As I wrote in my first post, the answer to this question is "Almost definitely." The entire film is about how the Engineers seeded Earth with DNA, and we see no evidence of any kind to suggest they ever seeded any other planets. So, when we see an Engineer seeding a planet, it's a pretty safe assumption that it's Earth. From all the evidence on hand, this is the most sensible conclusion.
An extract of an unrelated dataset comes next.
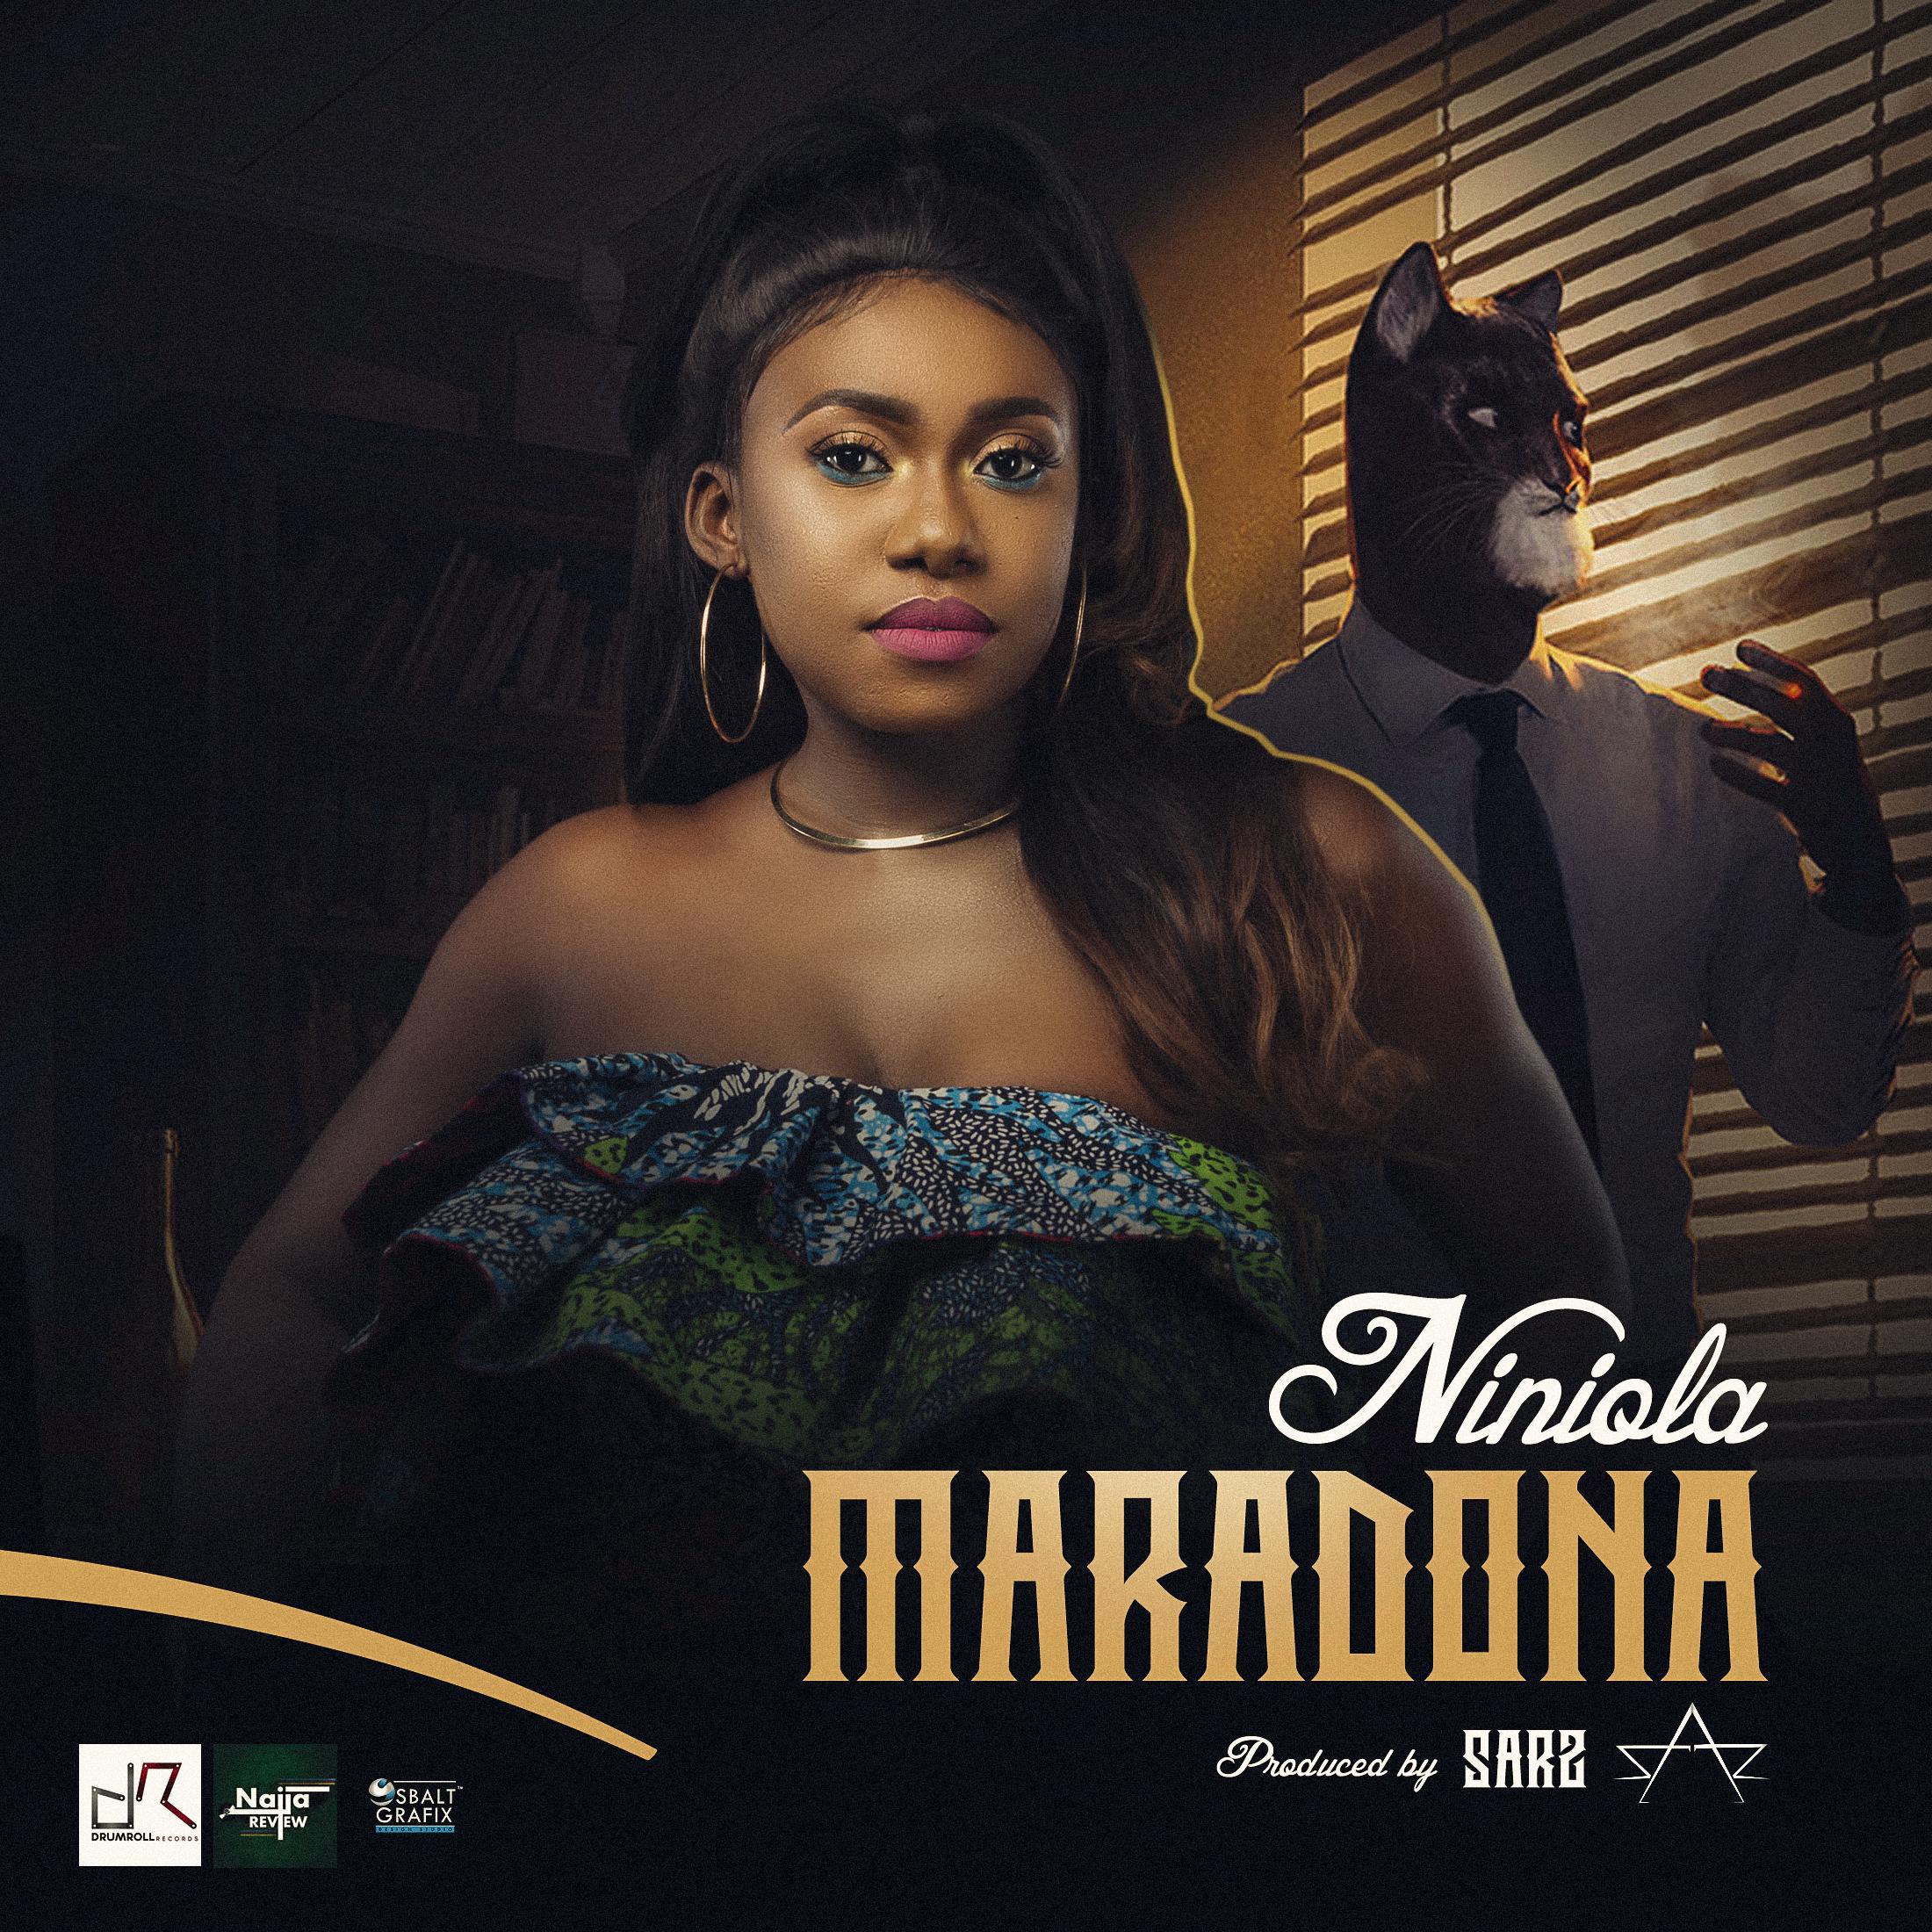 Shakiyaan Song Download Lyrics Mp3: Maradona Song, Mp3 & Music Video
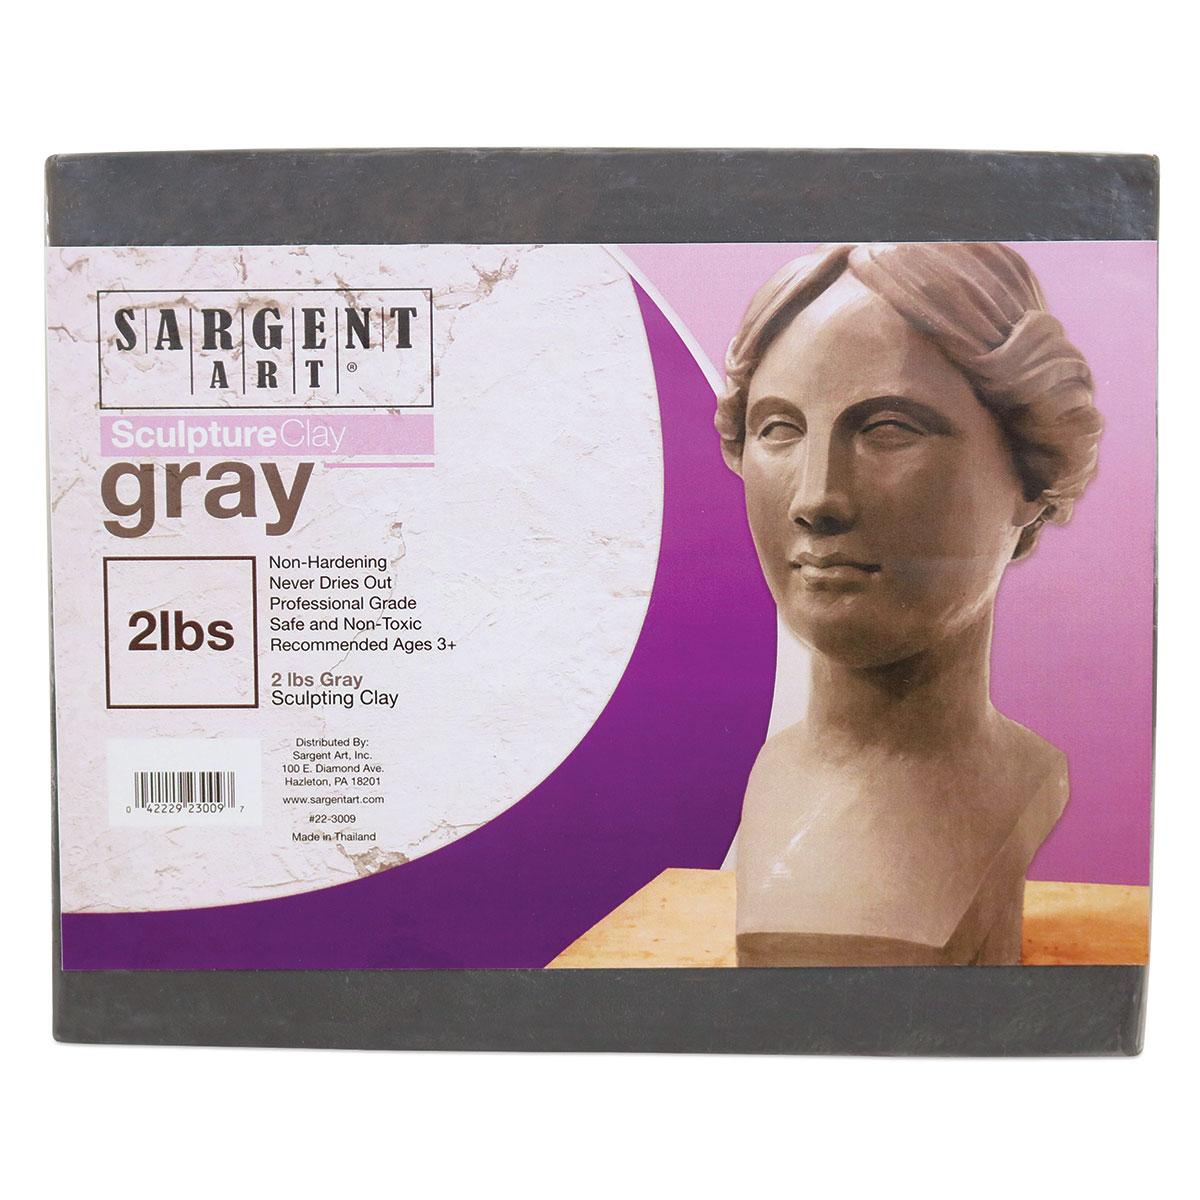 Sargent Art Professional Sculpture Clay

But I vaguely remembered reading an interview with Sir Ridley Scott, the director of the film, where he had said that it didn't matter. I assumed he meant it didn't matter because, as I've said, it didn't affect the story of Prometheus. But then I looked the interview up. Does Sir Ridley think it's Earth?

"No, it doesn’t have to be. That could be anywhere. That could be a planet anywhere. All he’s doing is acting as a gardener in space."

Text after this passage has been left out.